**Given entries:**
╔══
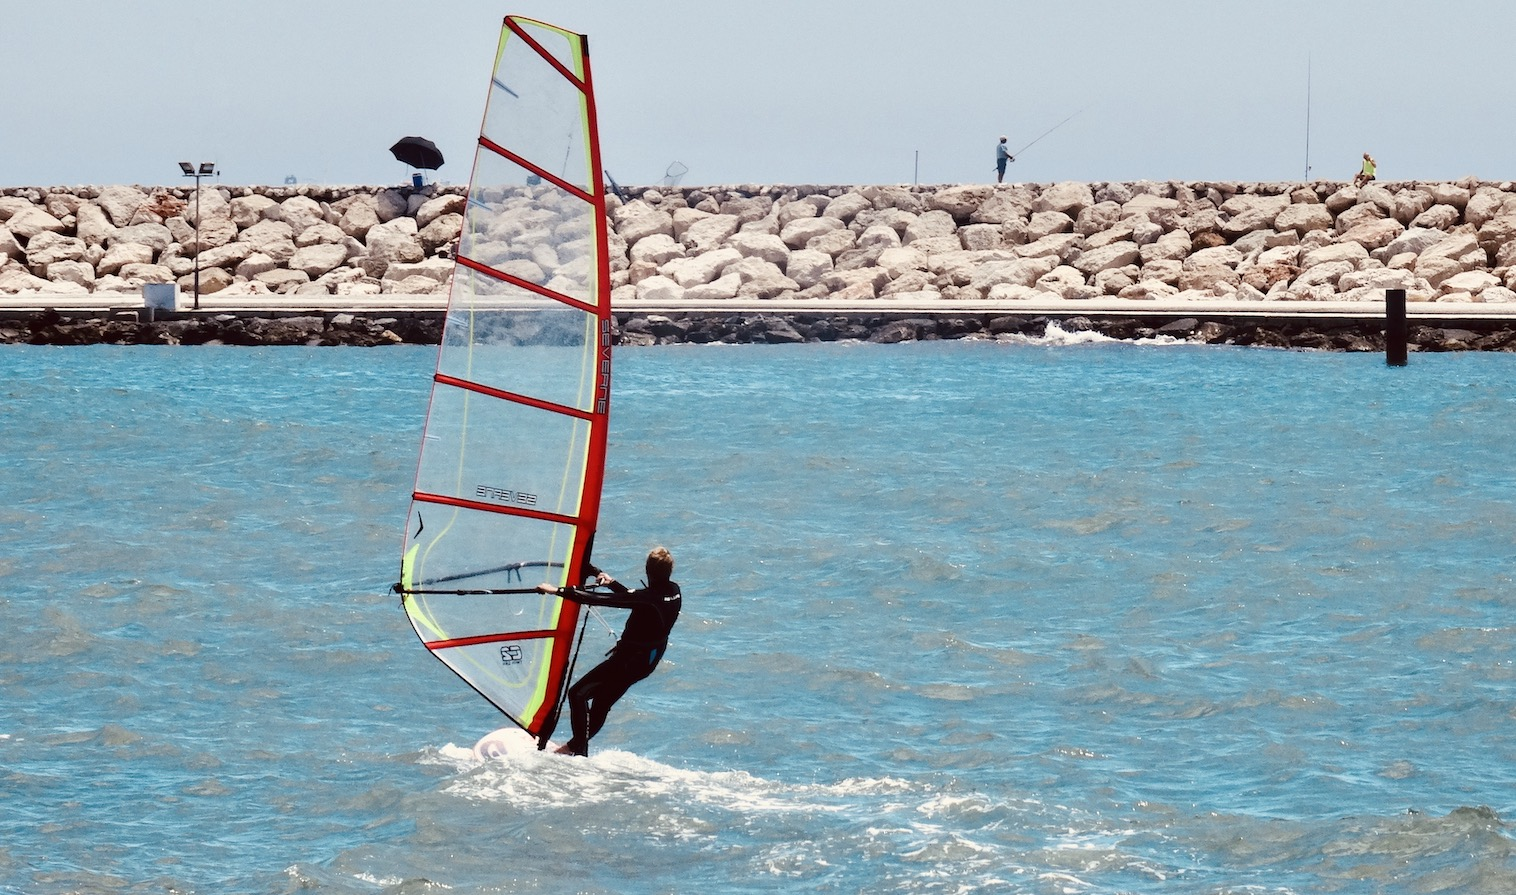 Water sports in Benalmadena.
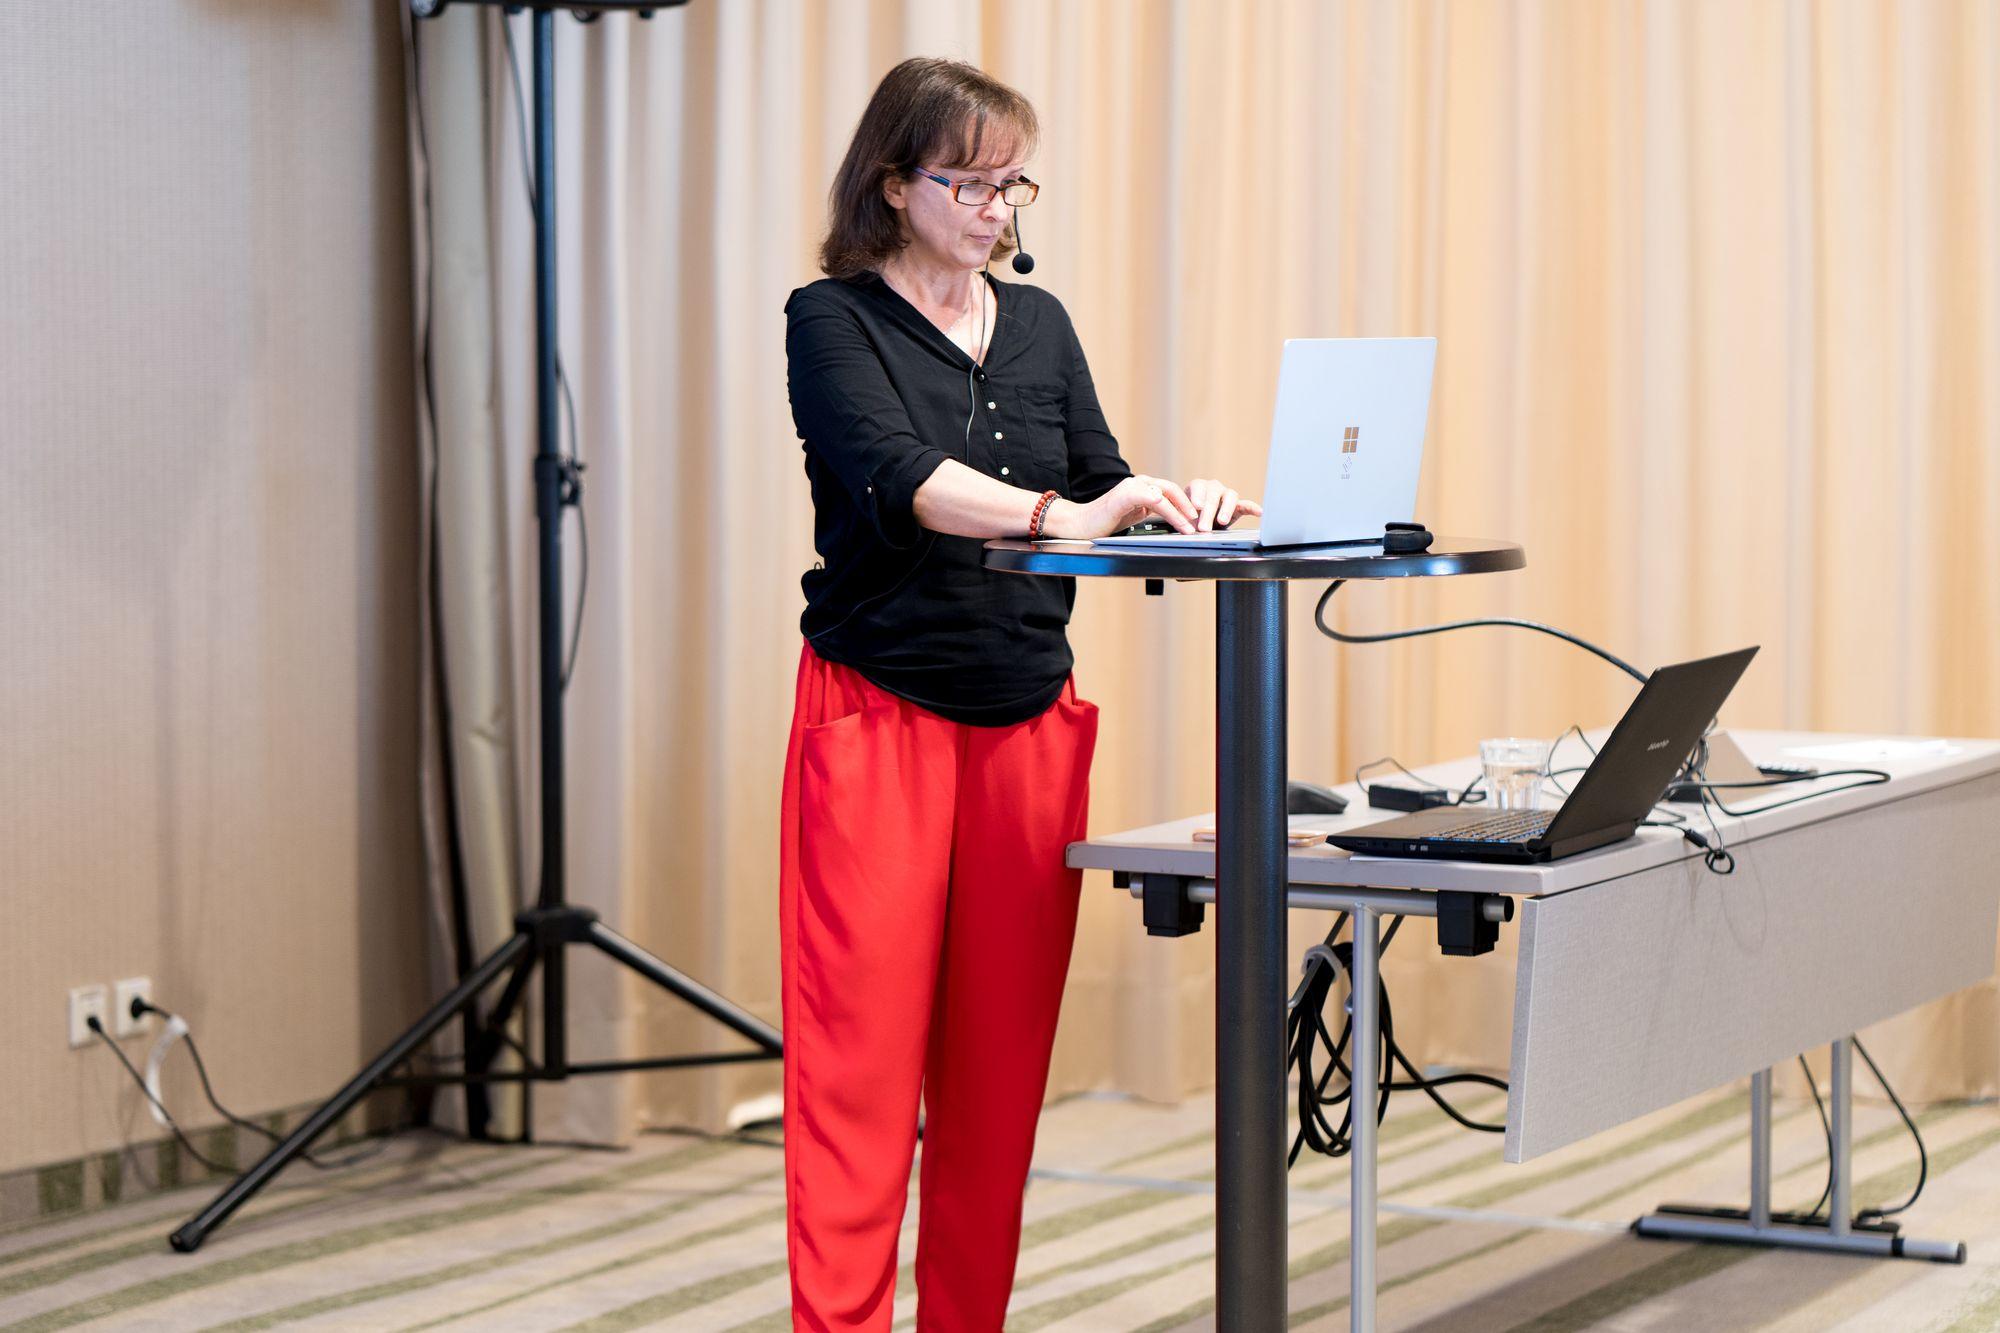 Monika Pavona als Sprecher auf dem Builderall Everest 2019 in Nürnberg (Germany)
╚══
╔══
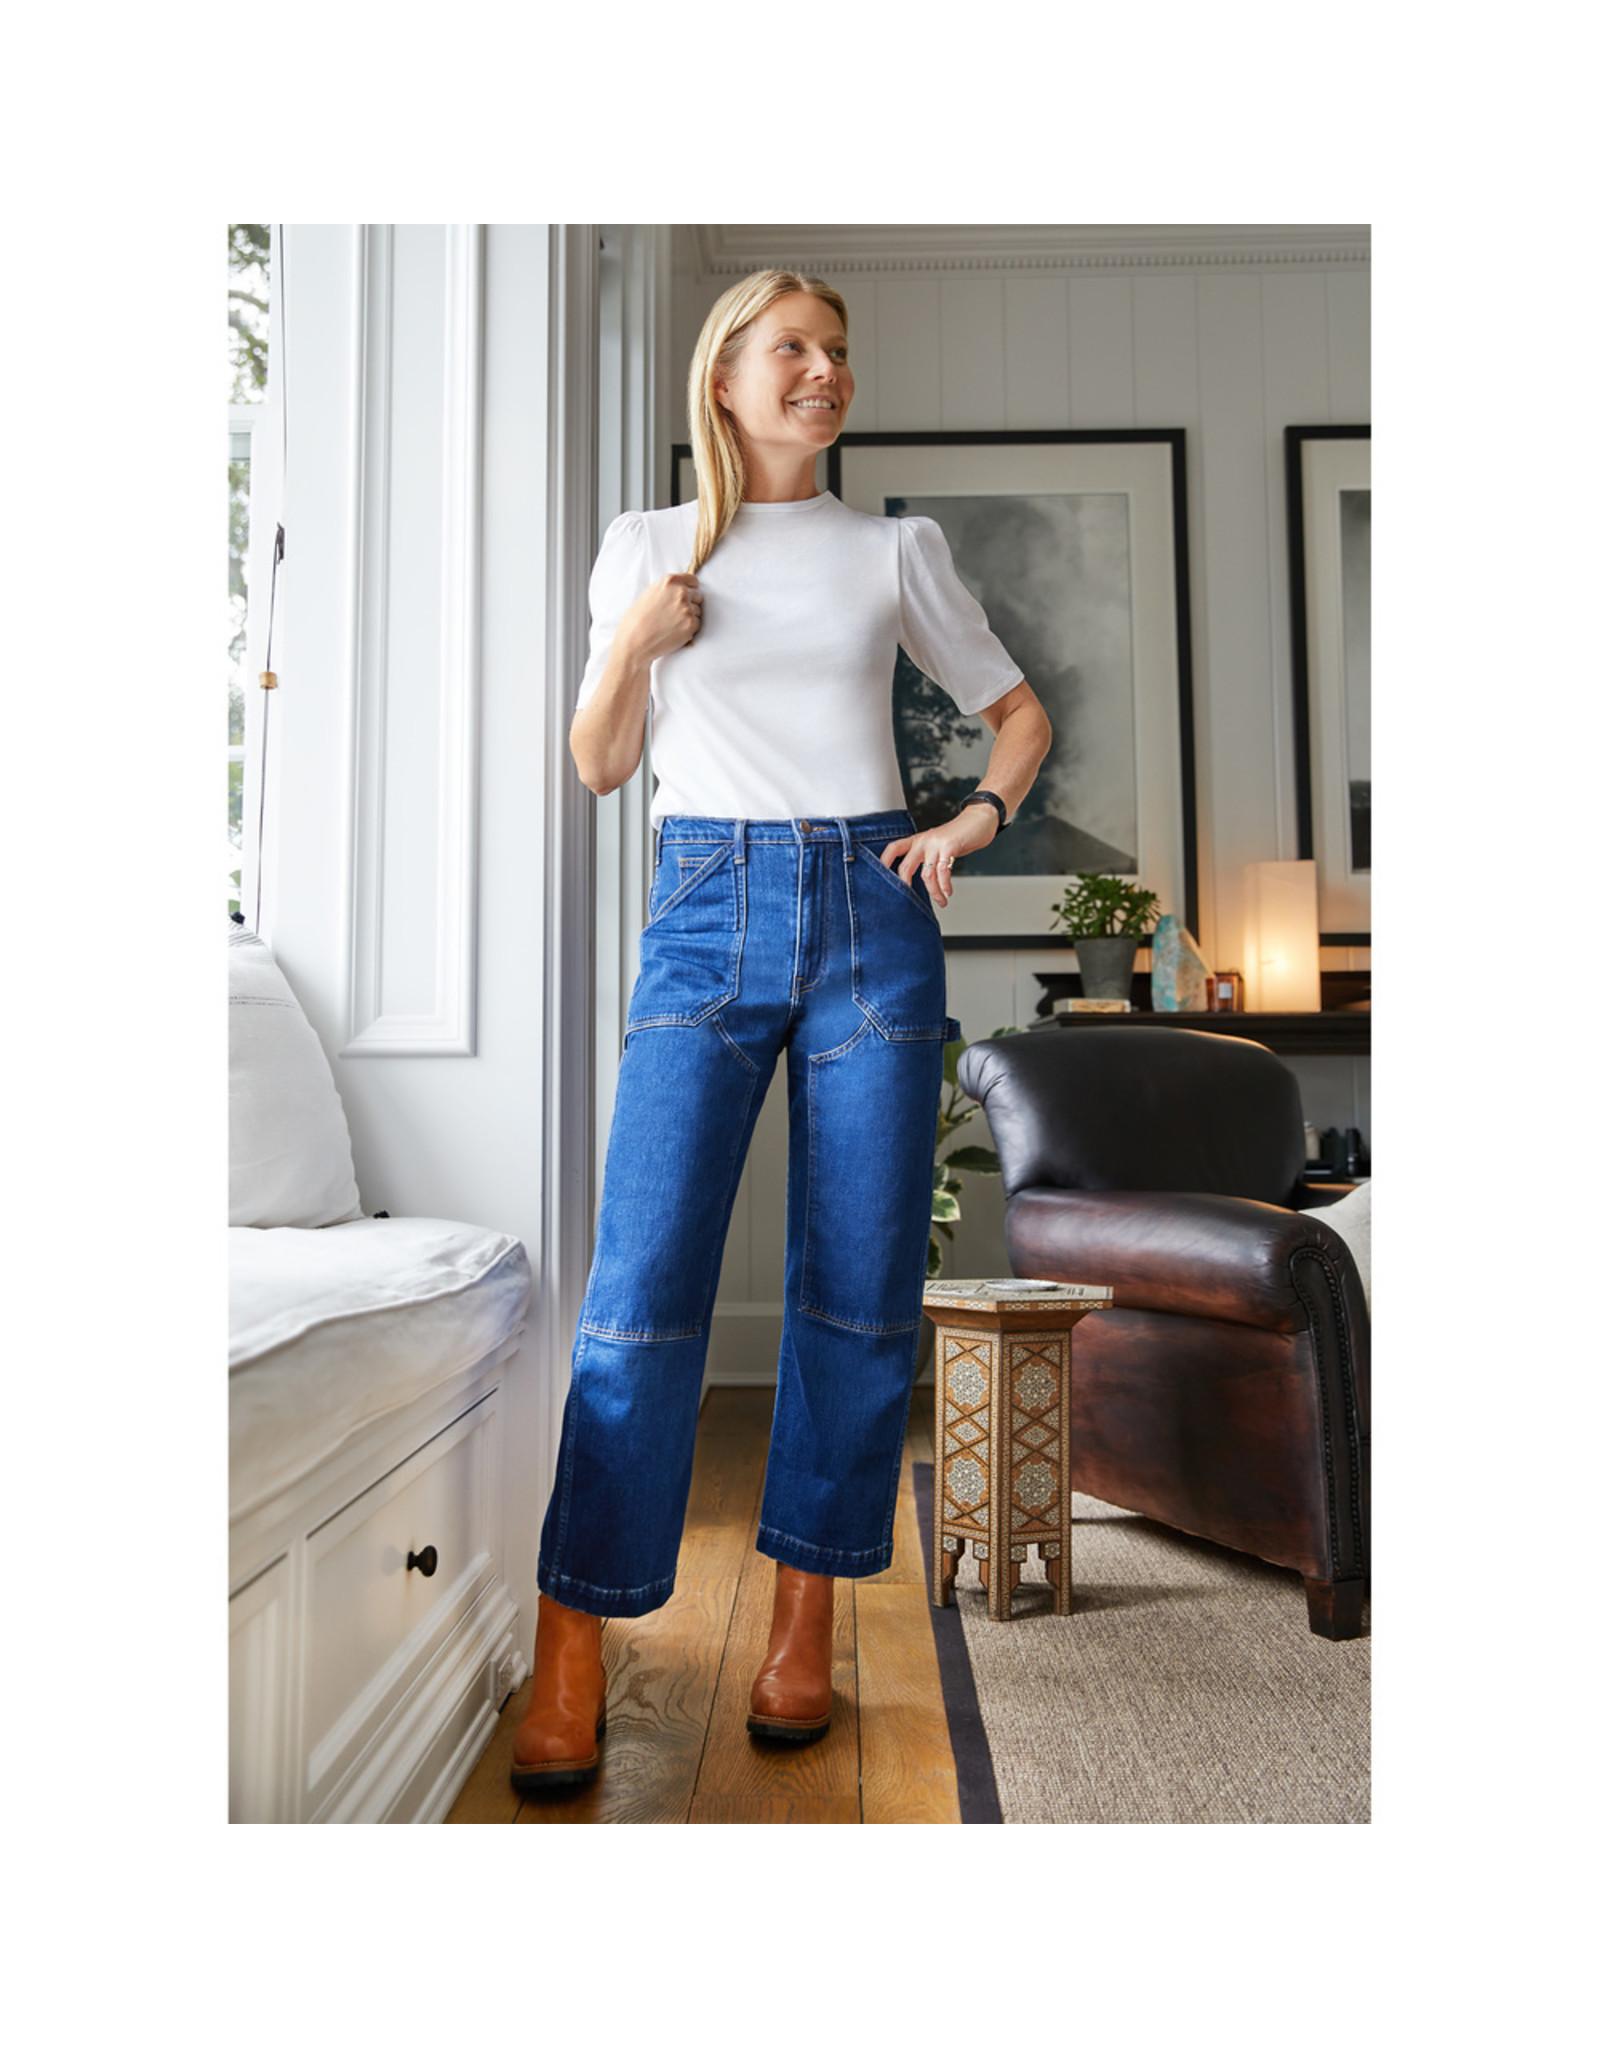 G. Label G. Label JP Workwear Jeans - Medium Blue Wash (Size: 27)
╚══
**What to do:** The reply should hold exactly the lines above, starting at the line with "Water sports in Benalmadena." and ending at the line with "Monika Pavona als", and no pictures.

**Reply to the task:**
 Water sports in Benalmadena.
 Monika Pavona als Sprecher auf dem Builderall Everest 2019 in Nürnberg (Germany)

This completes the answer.